Vendu de façon offensive comme une toute nouvelle mythologie, l’univers de Prometheus ressemble plutôt à une braderie haut-de-gamme de tout ce que la seconde moitié des 90’s a pu charrier comme babioles extra-terrestres, par la grâce d’M6 notamment. Et tout y passe : mysticisme, quête des origines, grossesse transgénique, conflit science/religion, race éteinte, holocauste spatial, la totale. Un répertoire que le scénariste Lindelof semble apprécier puisqu’il avait déjà livré une relecture médiocre de l’abduction flick dans Cowboy Vs Aliens. Si Prometheus cite les Tommyknockers, parfois au plan près (les monceaux d’aliens séchés, la fin) c’est X-files qui se voit le plus souvent convoqué, jusque dans ses motifs les plus cultes (l’huile noire, la soupe primordiale, les temps anciens visités). Le film carbure au new age le plus décontracté, à tel point qu’on est surpris de ne pas tomber sur un réptilien, là, peut être, sous la peau d’une Charlize Theron en mode Diana-Bitch dans V. Embarrassant également de voir Ridley Scott se prendre les pieds dans le kitsch dés les cinq premières minutes lors d’une scène ahurissante sensée introduire Noomi Rapace : Dis papa, c’est où qu’on va quand on est mourru ? Hein ? ça veut dire que maman elle est au ciel ? REPONDS MOI PAPA PUTAIN, ET BIM, Contact, Jodie Foster, tenez, encore un chef d’œuvre que tout le monde va réévaluer.

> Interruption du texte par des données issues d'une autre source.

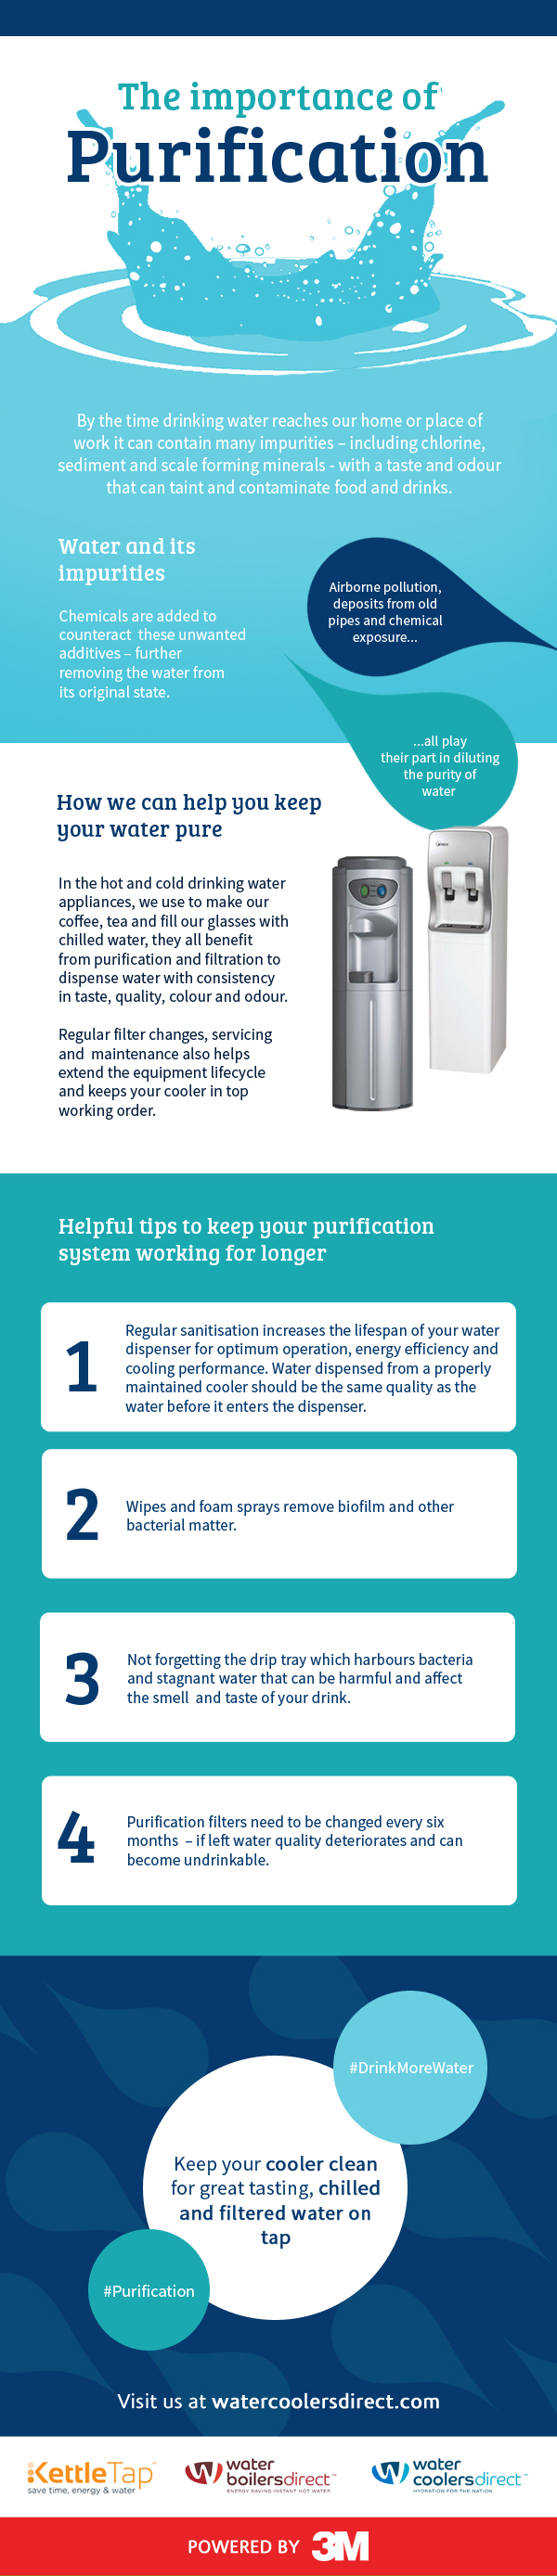 Infographic describing how water purification can affect your overall health

Prometheus se cherche parmi toutes ces références sans en dépasser une seule (pas même Combattre le Futur) puis  finit par se trouver, quelque part, au milieu des tentacules, dans l’outrance, le Grand-Guignol (un zombi désarticulé, comme ça, GRATOS), dans l’accessoire de série Z (la flutine !!). Là où Alien créait du suspens avec un simple atterrissage, ou s’attardait cinq minutes sur la propagation d’un acide à travers les cales, Prometheus montre tout, tout de suite et trop vite. A peine a-t-on atterrit qu’on doit déjà enlever son casque à oxygène (l’arrivée sur LV-227 est un sommet de non-science-fiction).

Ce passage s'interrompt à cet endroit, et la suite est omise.